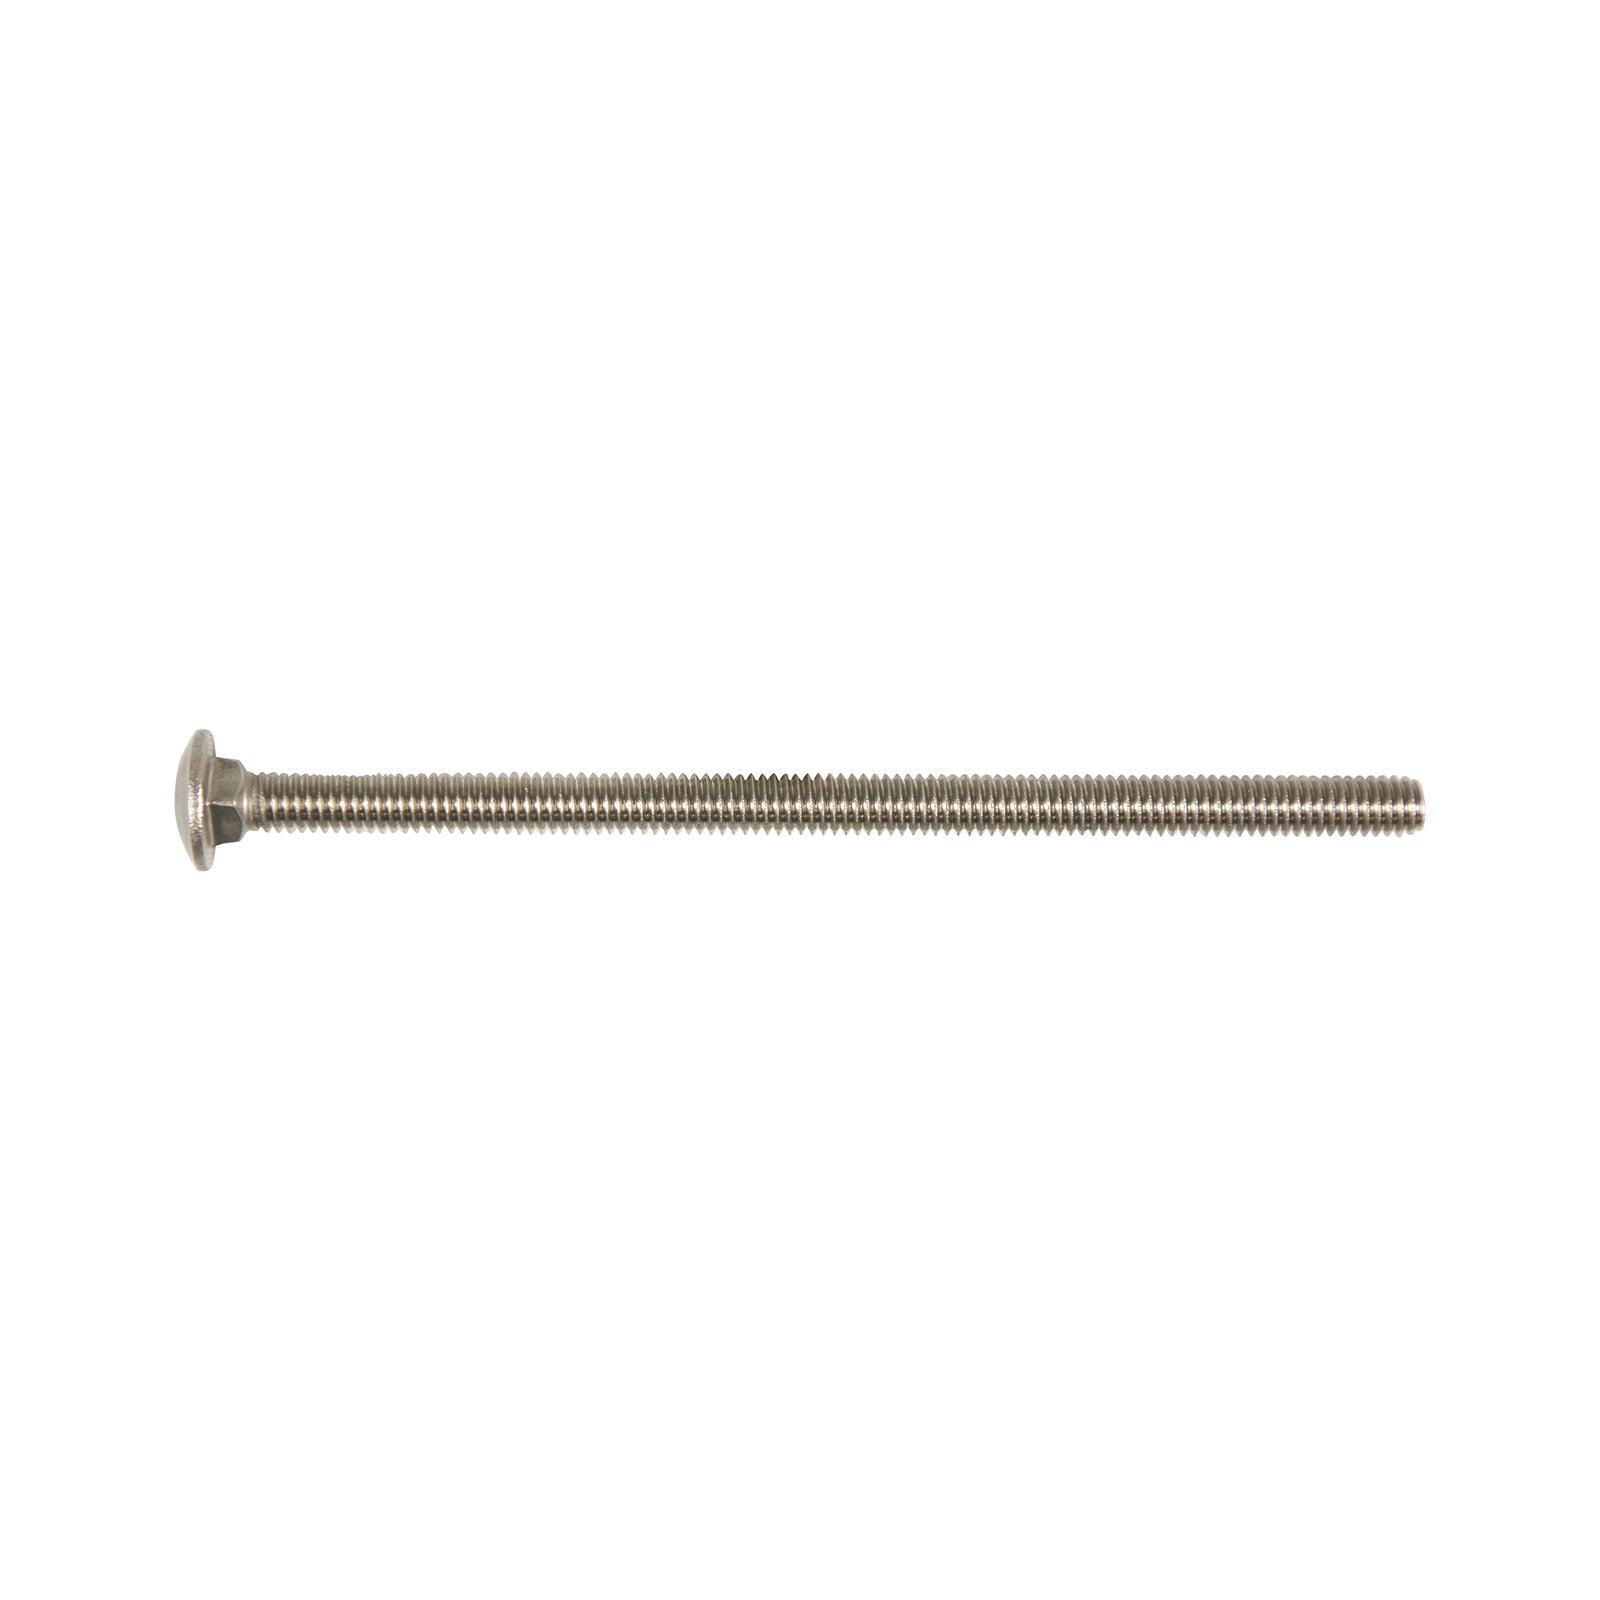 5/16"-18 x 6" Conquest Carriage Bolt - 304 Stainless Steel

------------------------------

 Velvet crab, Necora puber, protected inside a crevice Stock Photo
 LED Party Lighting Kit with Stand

------------------------------

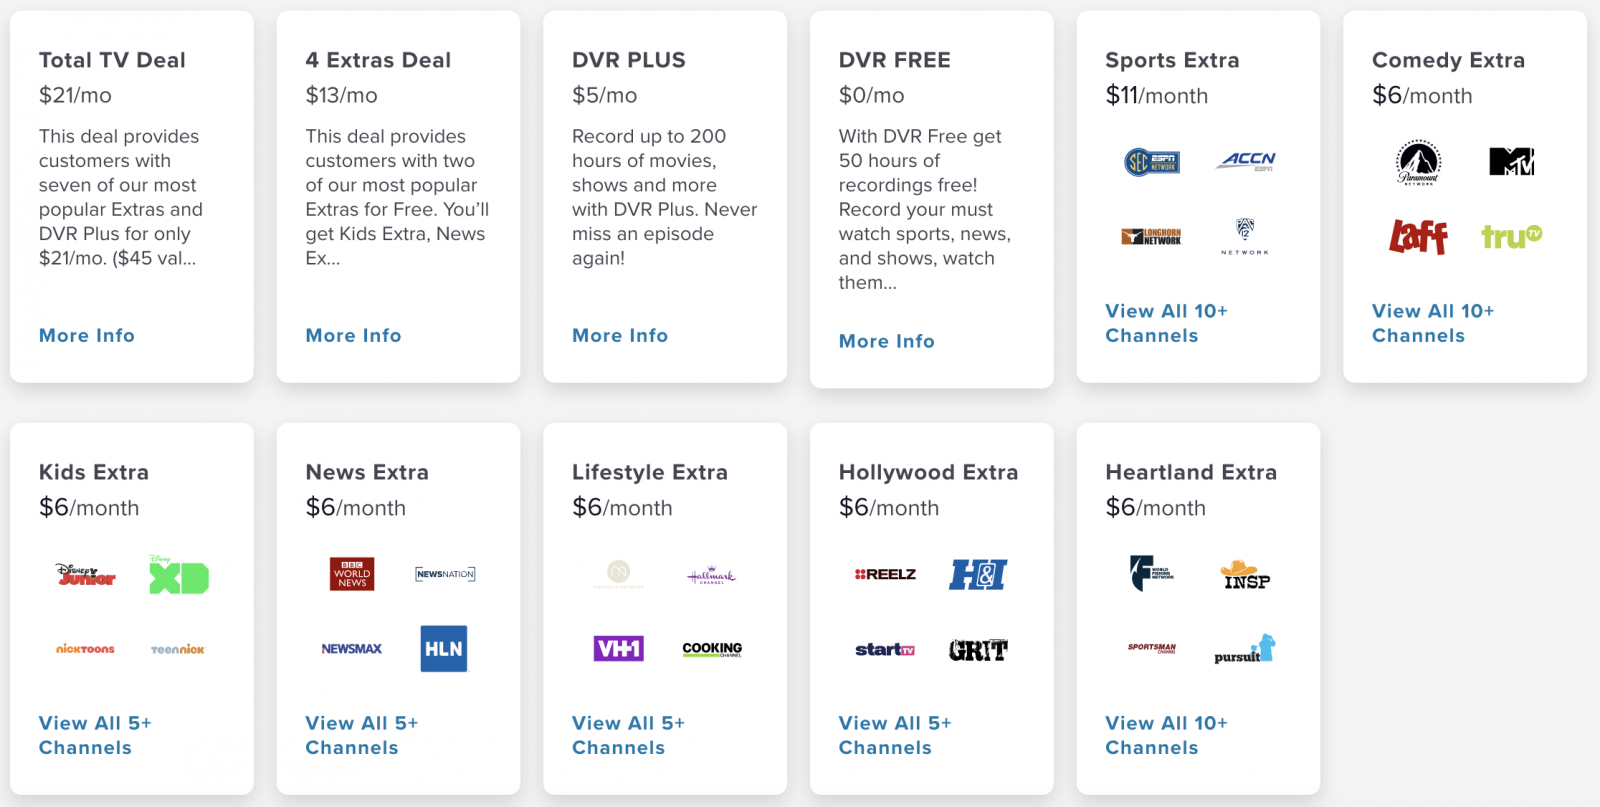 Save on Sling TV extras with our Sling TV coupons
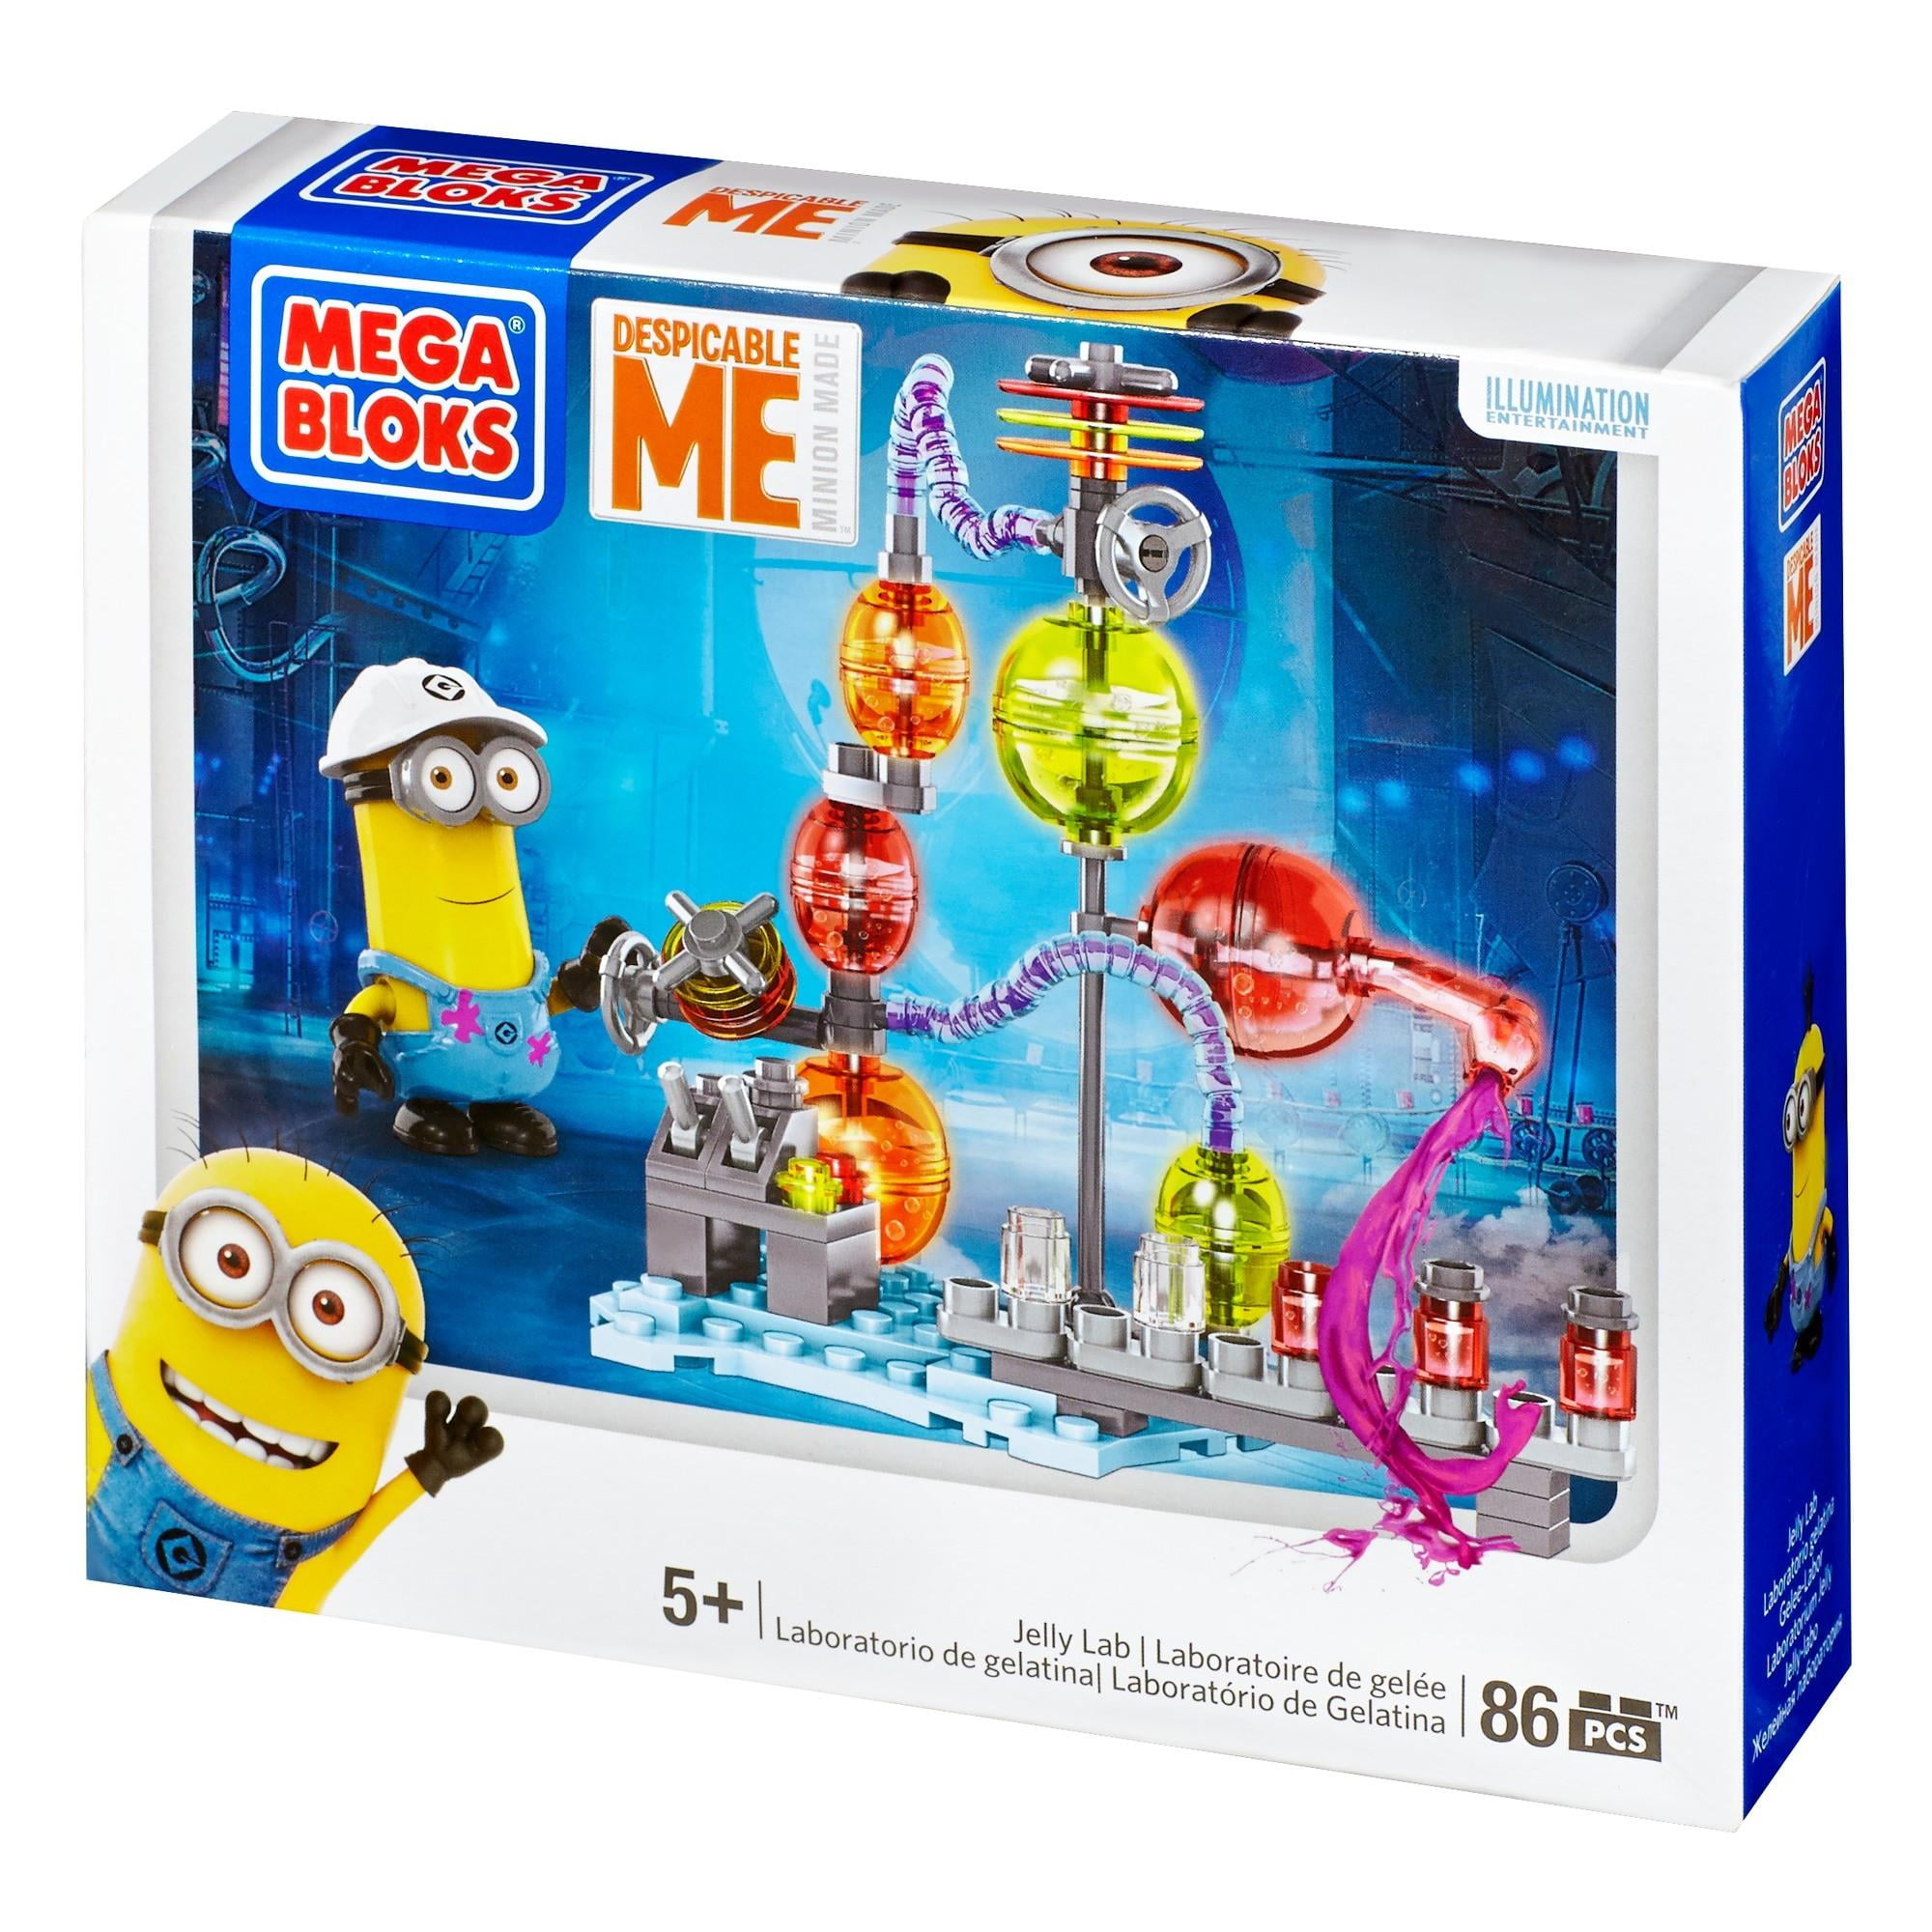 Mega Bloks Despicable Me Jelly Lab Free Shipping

------------------------------

- _WORK TASK_: In the listing above, locate the line containing "Velvet crab, Necora" and the line containing "LED Party Lighting Kit with Stand", then transcribe both and every line between them verbatim.

- _ANSWER TO THIS EXERCISE_:
 Velvet crab, Necora puber, protected inside a crevice Stock Photo
 LED Party Lighting Kit with Stand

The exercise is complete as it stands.